Another new section is that on Energy. Just as we in New York use/consume all types of energy resources, so this chapter seems to cover them all, and the federal and state regulations that govern them.
Areas include hydraulic fracturing (better known as “fracking”) used in the obtaining of natural gas and oil, electric transmission siting (process for licensing electric transmission facility), natural gas and oil siting, rate disputes involving utility companies, nuclear generation concerns and load pocket issues. Though New York now has an outright ban on fracking, lawsuits related to all of the above, including toxic tort claims and nuisance actions, will continue to exist on the court’s docket in the state. All such issues are well covered in the energy chapter.
Immediately following Energy is the chapter on Environmental and Toxic Tort Litigation. This is not a new section but appropriately situated after the Energy section.
This topic is covered from the view of federal and state agencies, then civil litigation involving toxic torts.

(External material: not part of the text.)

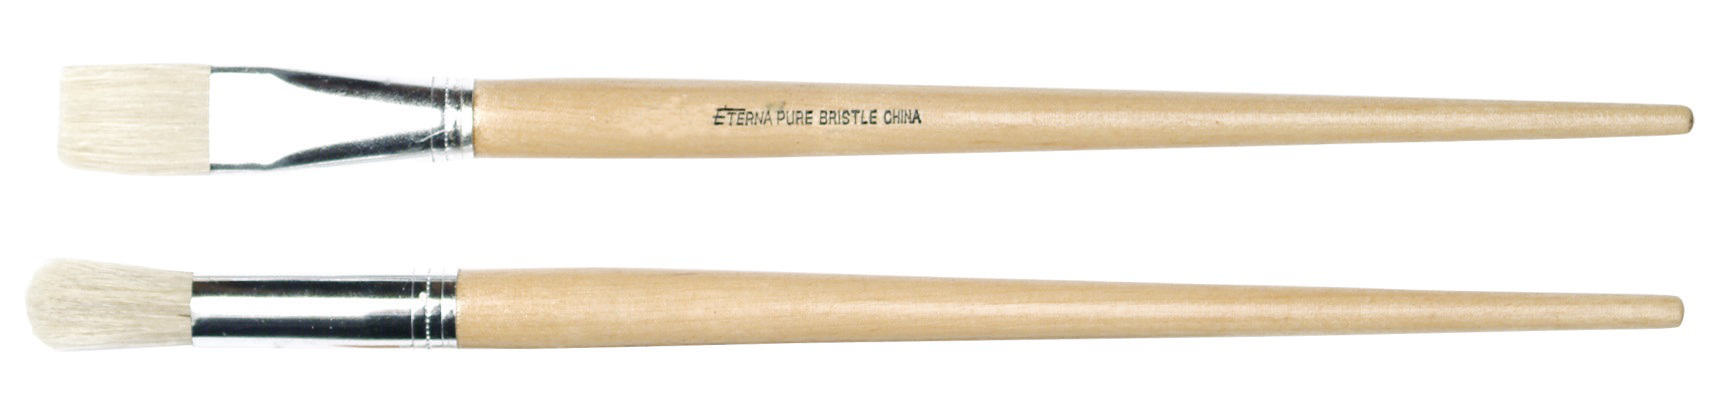 No.4 Flat Hog Brush

Toxic torts is a broad umbrella which is carefully reviewed in this treatise, including the controlling law in New York on expert witnesses (the ongoing battle between Frye and Daubert). You may never have an environmental or toxic tort case, but if you have an inquiring mind, just open this chapter and soak up the knowledge.
It should be clear to the reader of this review that I thoroughly enjoy the work of Bob Haig and his 182 authors. My only regret is not having the time to read it chapter by chapter. I highly recommend it.